The best of the stories, and the one for which Alexie admitted at least some personal resonance, is the very last one in the collection, “What Ever Happened to Frank Snake Church?” The protagonist of the title is a 39-year-old, over-the-hill former high school basketball star turned forest ranger. There was a time when he wasn’t so fat and out of shape, however. As a high school senior, he was a “truly supernatural baller, the kind of jumper and runner who ignored physics when he played.” Add to this talent the fact that Frank is a “genetic freak at six-feet-six (making him the seventeenth tallest Spokane Indian in tribal history.)” He has over a hundred college scholarship offers and seems set to hit the big time — and then his mother dies. “To honor her and keep her memory sacred, Frank knew he had to give up something valuable. He had to bury with her one of his most important treasures. So he buried his basketball dreams.” The story returns to the present where Frank quits his job as a forest ranger, takes the considerable savings he’s accrued over the years from the job (that’s some serious saving, I suppose, given the pay of government workers in the field,) and decides he’s going to get back in to shape and rediscover his once prodigious skills as a hoopster.

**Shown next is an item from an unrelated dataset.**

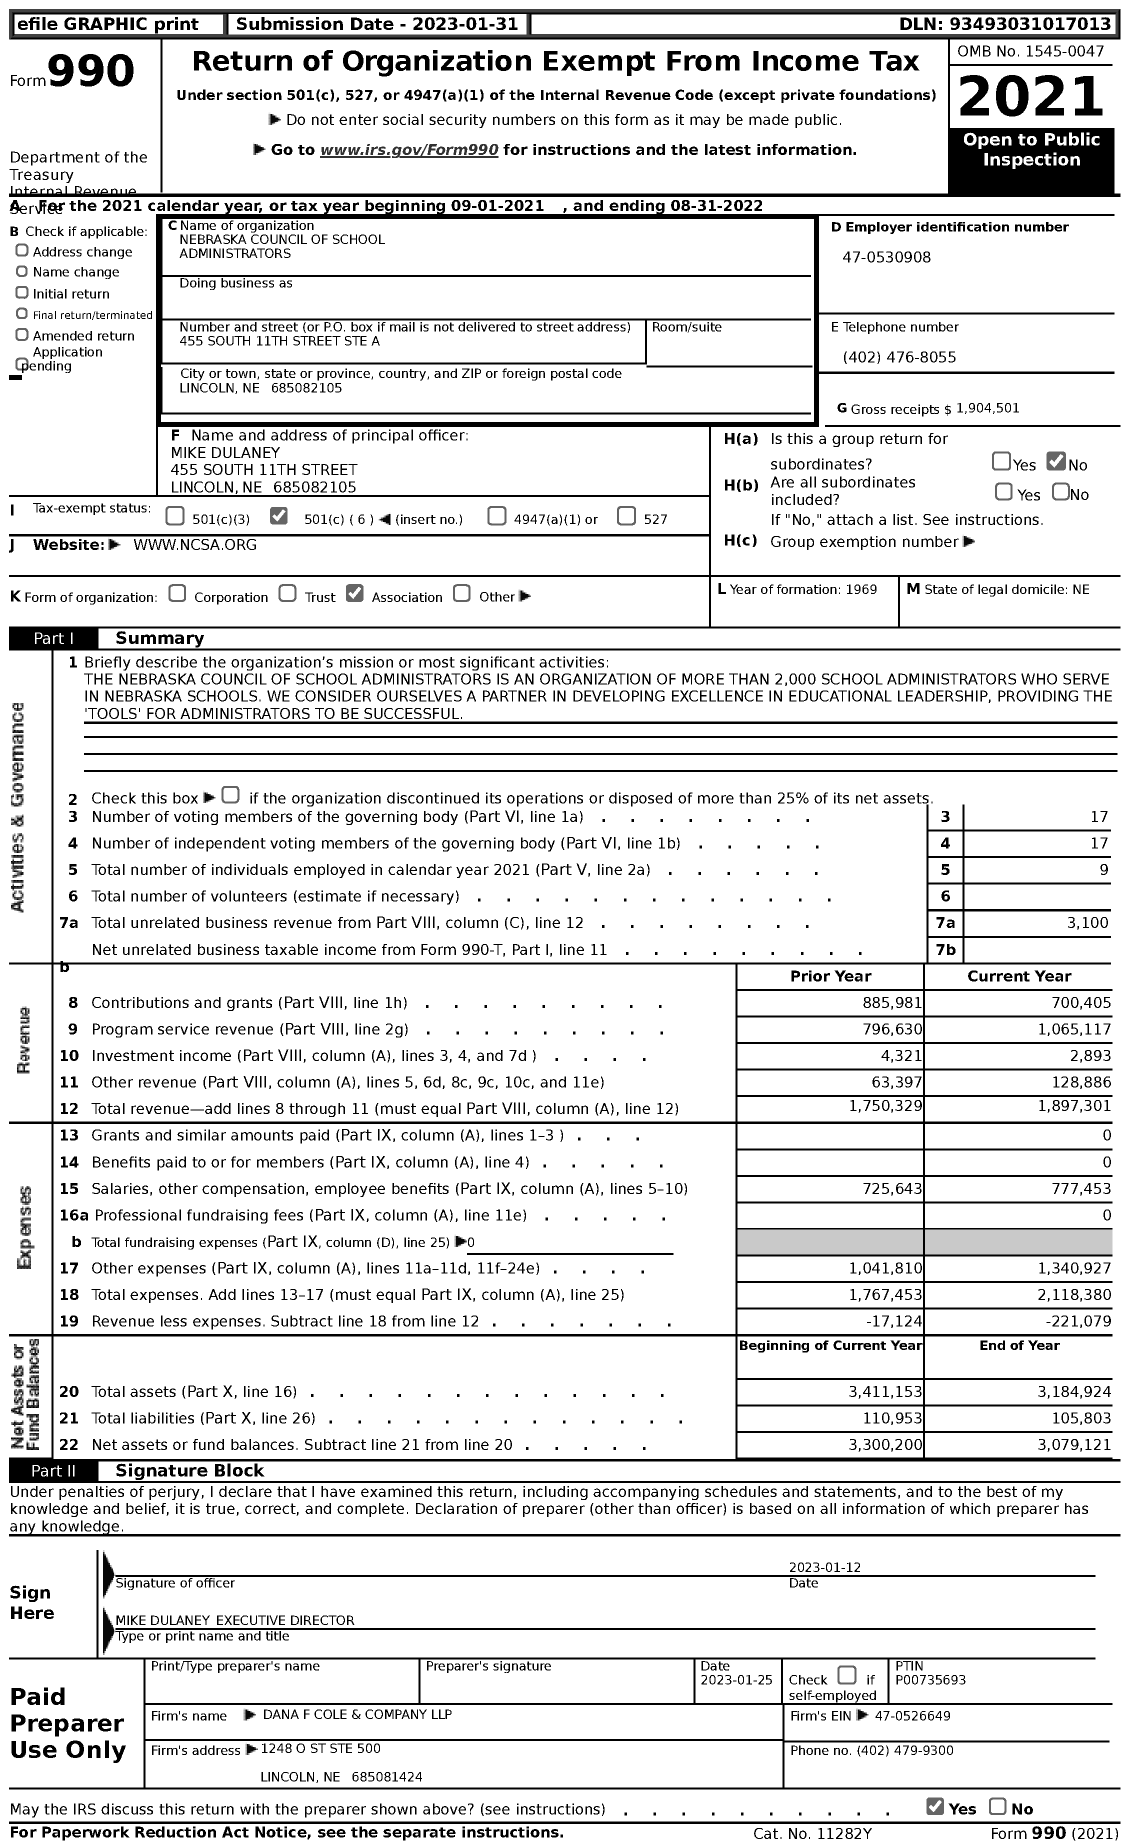 Image of first page of 2021 Form 990 for Nebraska Council of School ADMINISTRATORS (NCSA)

The genesis for this story comes from a similar time in Alexie’s life at age 38 or so when he was woefully out of shape (he is a pretty good player in his own right) and decided to hire a personal trainer to see if he could get back into the kind of condition he used to be in when he was younger. He constructed the story from there. It is a wonderfully resonant one, filled with some attention to cultural issues that Alexie doesn’t always allow himself to explore in a serious tone. He also examines powerfully the human fears of getting old, of dying before our time, and the age-old desire we all seem to have of trying to rekindle our lost youth. The ending to this tale is not what you might expect, but that is pure Alexie.
As he sat at the table in the bookstore signing his books for an eager and clearly impressed audience, I got the sense that he didn’t care all that much about us or about the reading. Instead, his head seemed already to be back in Seattle, back on the West coast where he is more comfortable, writing what he knows we are thinking and practicing his stand-up routine at open mike nights in the city. But, if you get a chance to catch Alexie’s act somewhere on the road, don’t miss it — he’s sure not to disappoint you.